Un mercato del lavoro che «assume ma non trattiene»
La provincia di Bergamo presenta una struttura delle nuove assunzioni fortemente sbilanciata verso il precariato: il 74% dei contratti di avviamento è a termine, di apprendistato o in somministrazione. È il quadro delineato dalla segreteria provinciale della Cisl, che interpreta i dati come il sintomo di un mercato del lavoro che riesce a reperire risorse ma non a fidelizzarle.
I numeri messi in evidenza dal sindacato sottolineano diverse tendenze: negli ultimi quattro anni gli avviamenti precari sono diminuiti di circa 4.000 contratti, ma le assunzioni a tempo indeterminato non sono aumentate. Parallelamente sono diminuite le trasformazioni da tempo determinato a indeterminato: la quota di conversione è scesa dal 29,9% del 2020 al 24,7% del 2025.
«Una diminuzione di cinque punti percentuali in sei anni — dice Luca Nieri, segretario provinciale — proprio mentre le imprese dichiarano di non riuscire a trovare personale. Il messaggio implicito è chiaro: la stabilizzazione non viene utilizzata come leva competitiva per trattenere i lavoratori».
Dimissioni e periodo di prova: segnali di insoddisfazione
Il dato sulle dimissioni volontarie è un altro elemento su cui la Cisl richiama l'attenzione: nel 2025 sono state registrate 35.361 dimissioni. Per un territorio con tassi di disoccupazione molto bassi, il sindacato definisce questo numero «molto elevato». Preoccupante anche la quota di dimissioni nel periodo di prova: 2.824 su 25.591 avviamenti, oltre il 10% del totale, che suggerisce una scelta rapida da parte di molti lavoratori di interrompere il rapporto dopo poche settimane.
Le cause richiamate dalla Cisl
Nel mettere a fuoco le radici del fenomeno, Cisl indica alcune criticità ricorrenti nelle realtà produttive dell'area:
- retribuzioni definite non sempre competitive;
- turni rigidi e modelli organizzativi poco flessibili;
- scarsa conciliazione vita-lavoro;
- assenza di percorsi chiari di crescita professionale.
Questi fattori, sostiene il sindacato, rendono meno attrattive alcune mansioni e contribuiscono a una elevata mobilità in ingresso e in uscita dal lavoro.
Impatto locale e possibili implicazioni
Per famiglie e imprese della Bergamasca le conseguenze sono concrete: instabilità di reddito per i lavoratori, difficoltà di pianificazione personale e familiare, e costi per le aziende legati al ricambio di personale.
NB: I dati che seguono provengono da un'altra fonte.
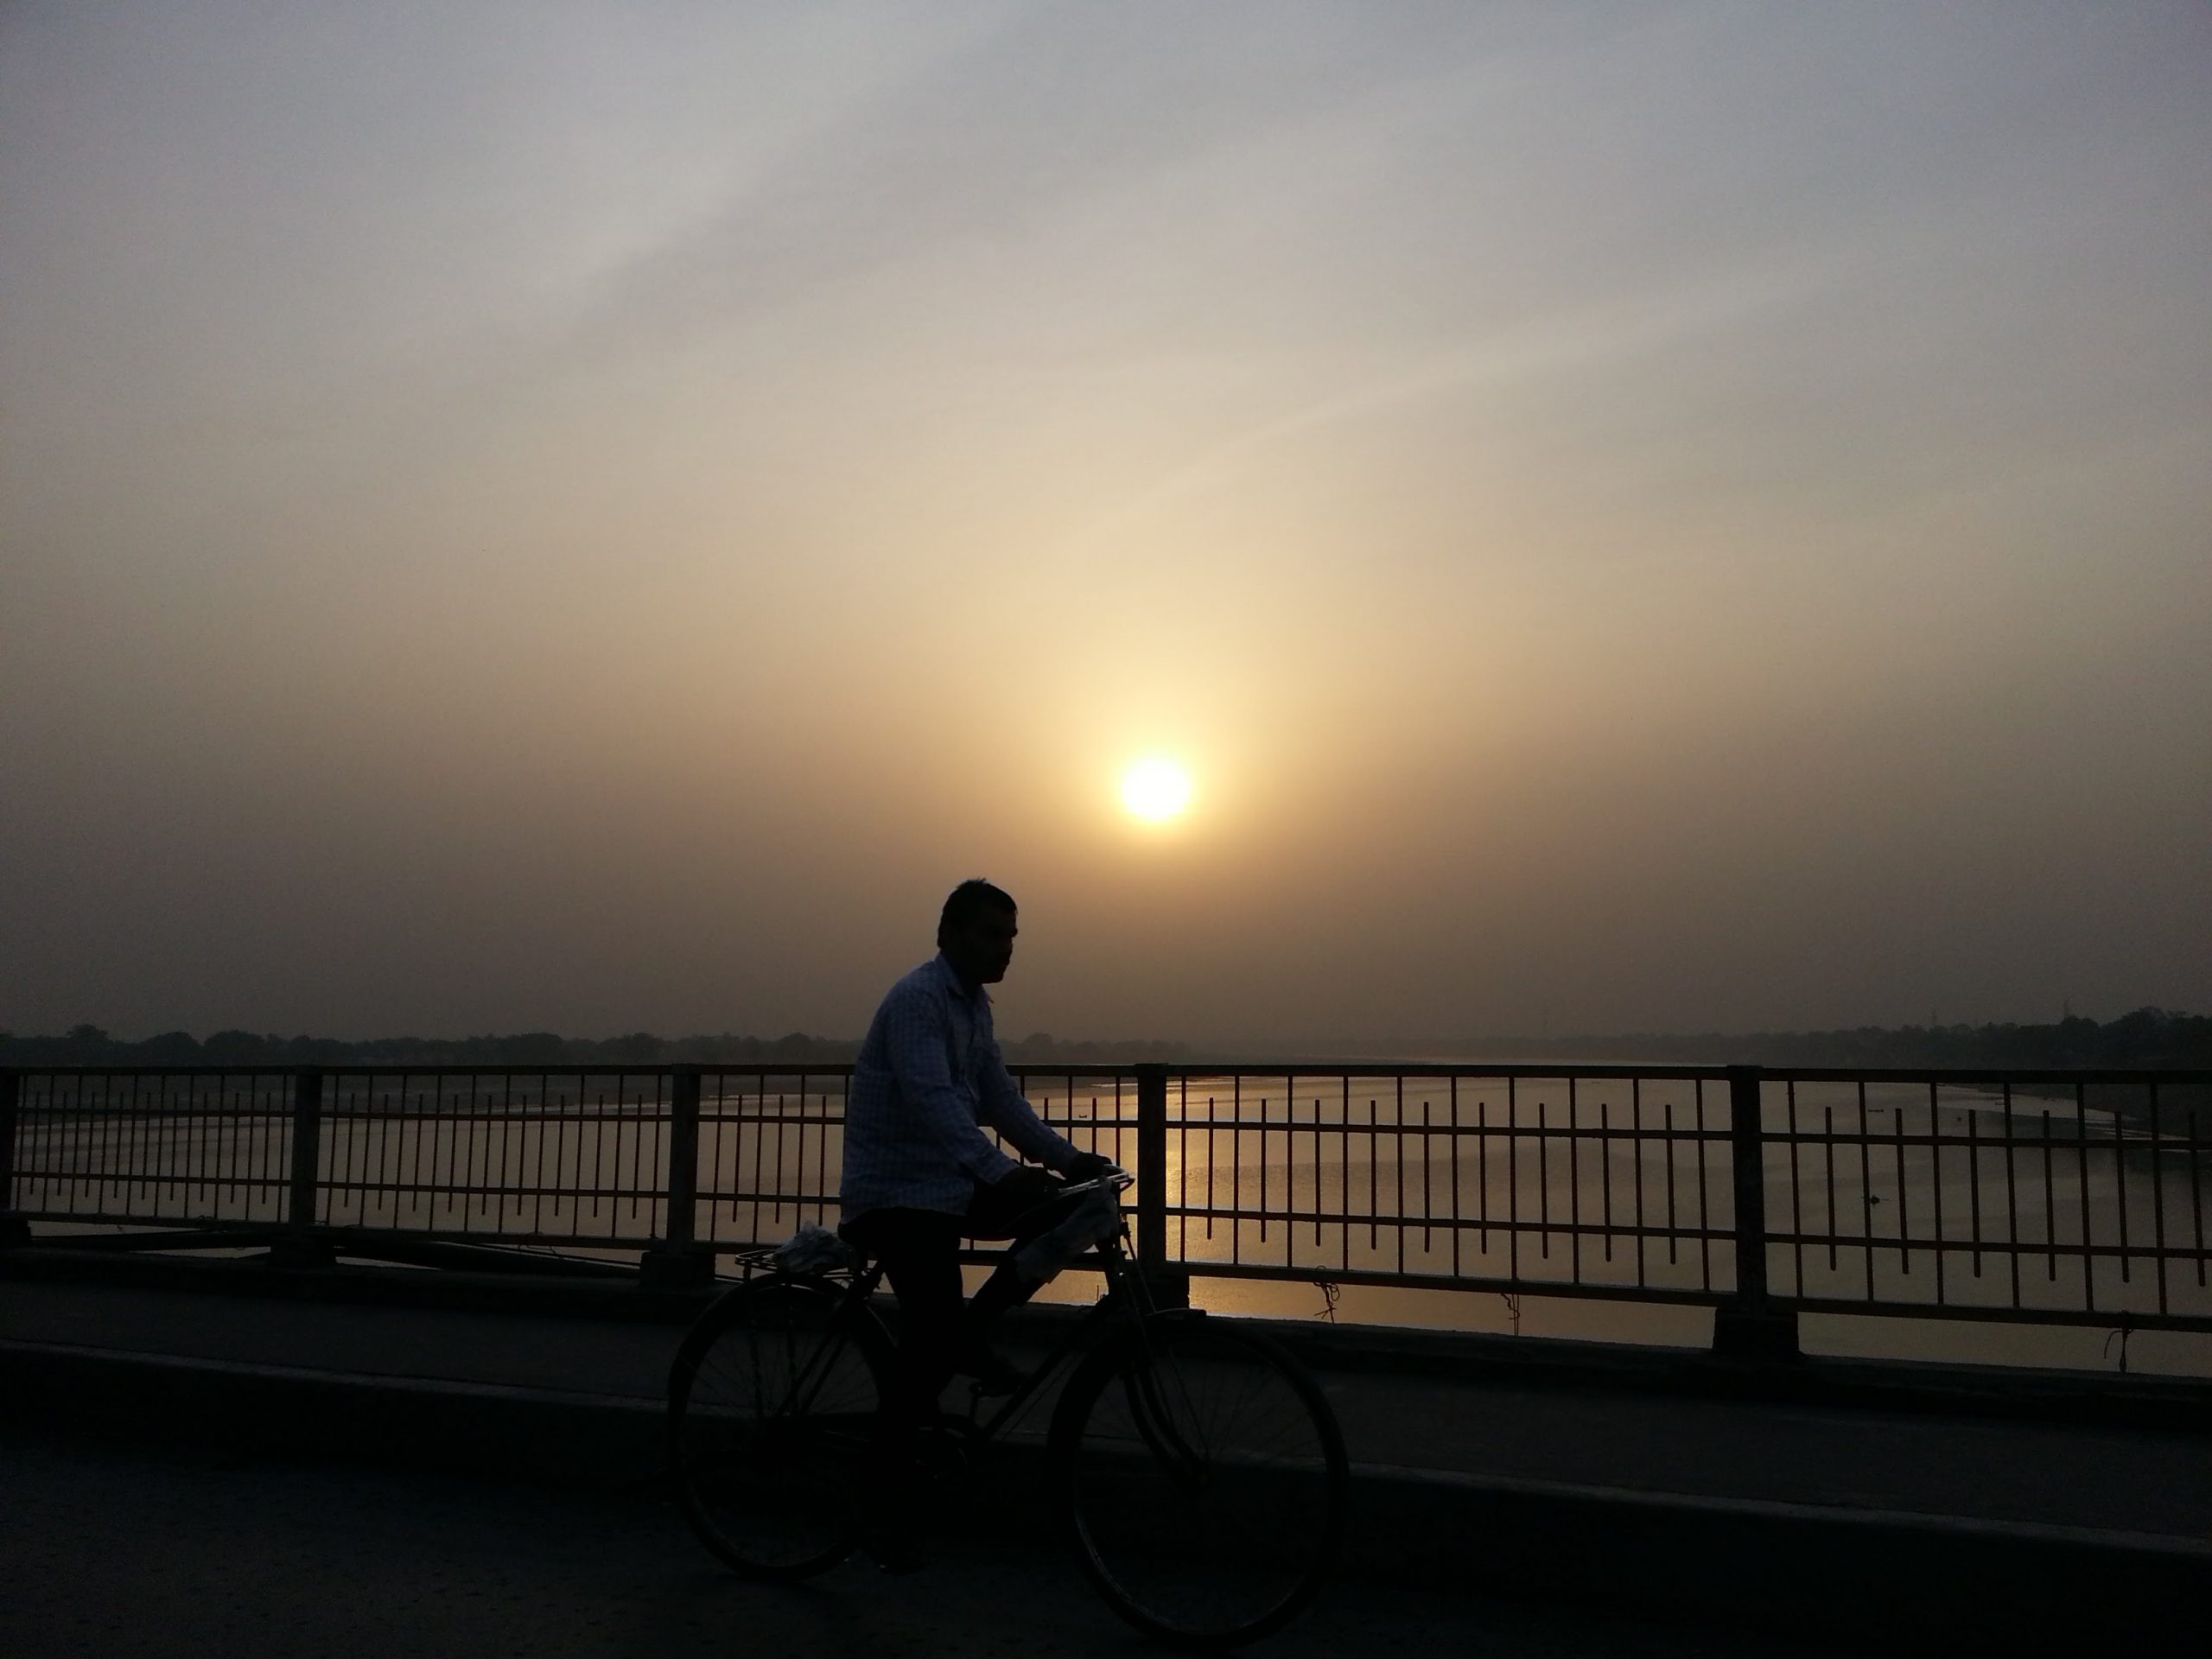 Evening at Shastri Bridge in Prayagraj - Free Image by Vishwajeet on ...

Inoltre la ridotta propensione alla stabilizzazione limita l'efficacia delle politiche aziendali orientate alla retention, anche laddove aumentano le difficoltà nel reperire manodopera, complicate ulteriormente dal calo demografico evidenziato nella regione.
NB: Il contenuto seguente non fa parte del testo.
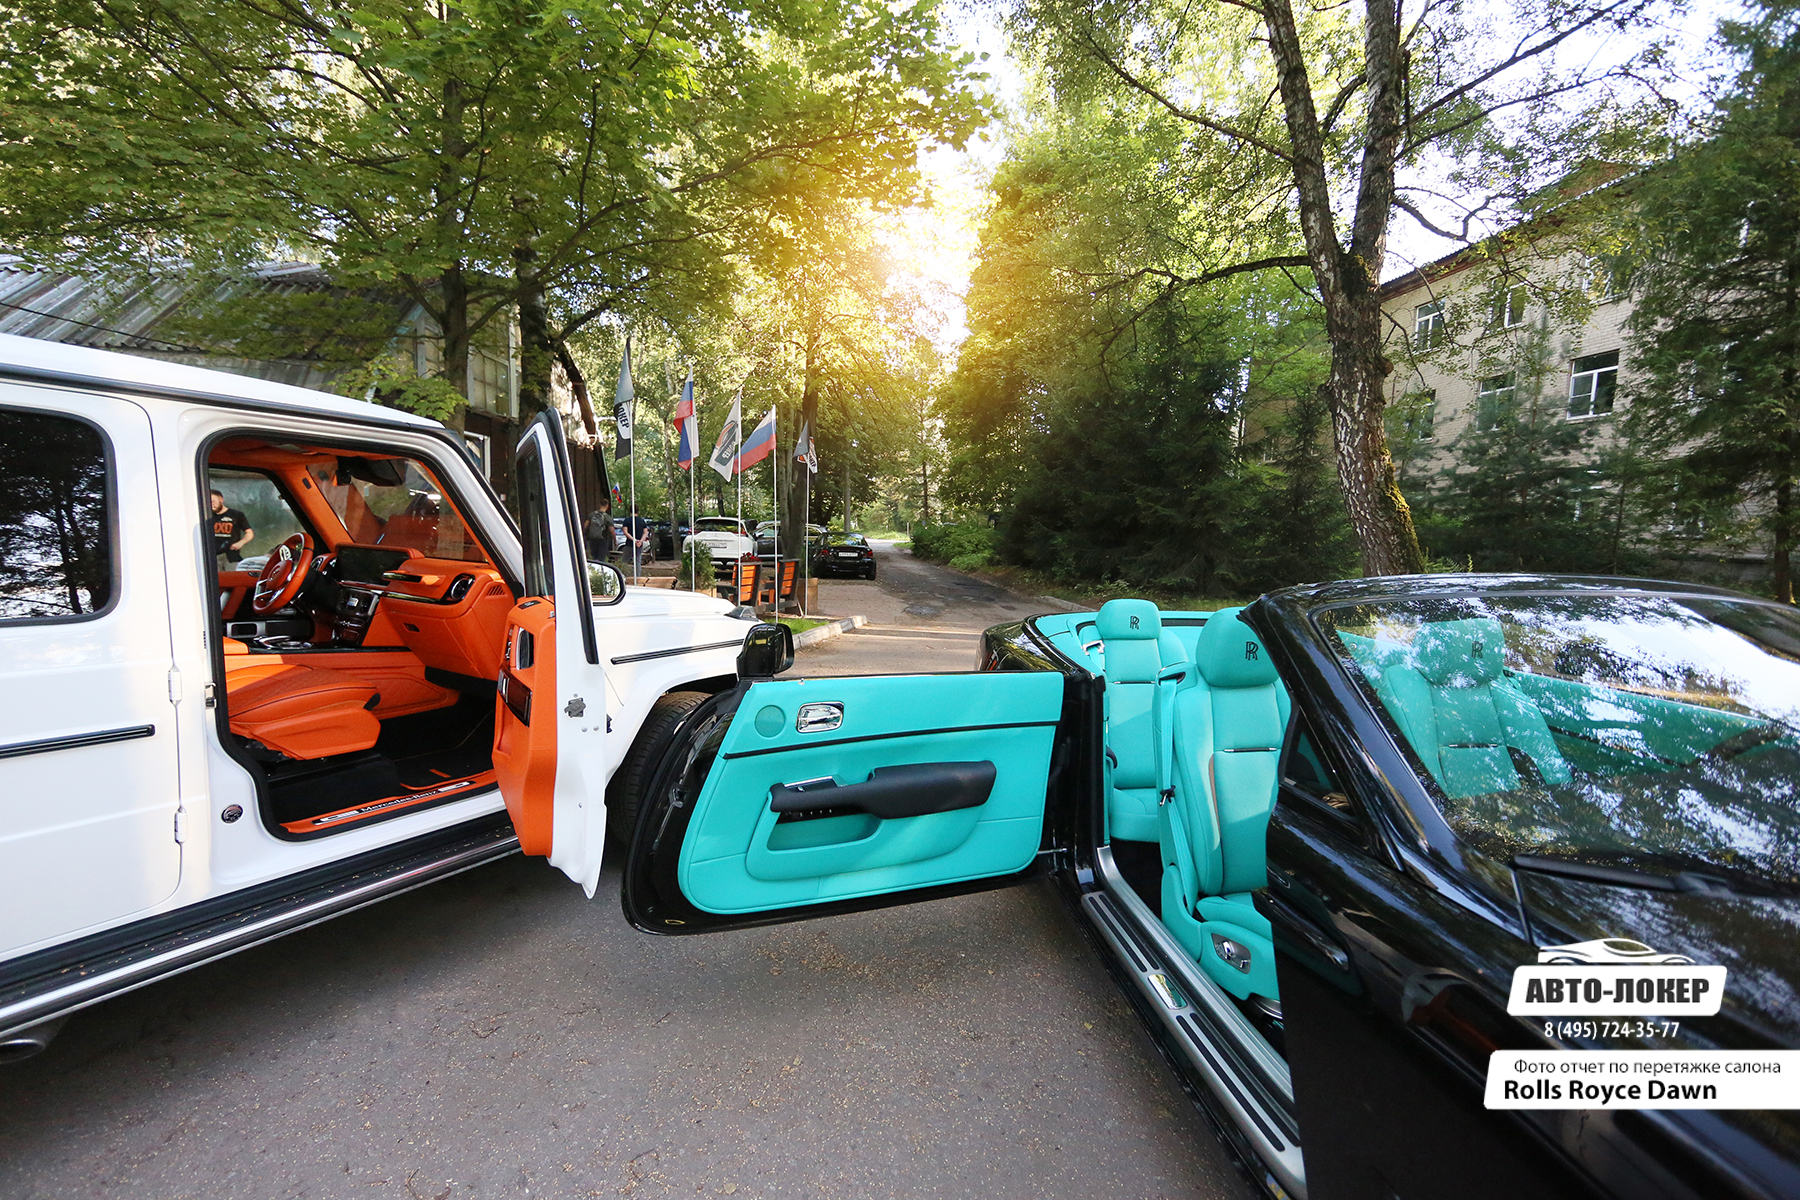 Перетяжка салонов автомобилей натуральной кожей Rolls Royce Dawn Тиффани и Mercedes Gelandewagen

La Cisl sottolinea che, nonostante la pressione del mercato del lavoro, non si osserva un uso diffuso della stabilizzazione come strumento per trattenere i dipendenti. Questo gap tra domanda di lavoro segnalata dalle imprese e politiche contrattuali adottate apre uno spazio di intervento per istituzioni, rappresentanze datoriali e sindacali.
| Indicatore | Valore |
|---|---|
| Quota assunzioni precarie | 74% |
| Trasformazioni a tempo indeterminato | 29,9% (2020) → 24,7% (2025) |
| Dimissioni volontarie (2025) | 35.361 |
| Dimissioni nel periodo di prova (2025) | 2.824 su 25.591 avviamenti (>10%) |
Cosa cambia per i lavoratori e per le imprese
Per chi lavora in provincia le ricadute più immediate riguardano stabilità economica e prospettive professionali: la permanenza in contratti temporanei o in apprendistato limita la possibilità di pianificare investimenti personali (mutui, famiglia) e rallenta il percorso verso ruoli più qualificati. Per le aziende, il ricorso massiccio al precariato può risolversi in risposte rapide alla domanda ma comporta costi indiretti legati alla formazione continua e alla perdita di competenze interne.
La discussione territoriale ora si concentra su quali leve utilizzare per trasformare almeno una parte del precariato in rapporti stabili: rimodulazione delle retribuzioni, orari e organizzazione del lavoro, piani di carriera e strumenti di conciliazione famiglia-lavoro risultano centrali nelle proposte sindacali.
Resta l'interrogativo su come combinare la necessità delle imprese di reperire personale con le aspettative dei lavoratori: la Cisl chiede che la stabilizzazione torni ad essere uno strumento strategico per trattenere chi entra nel mercato del lavoro locale.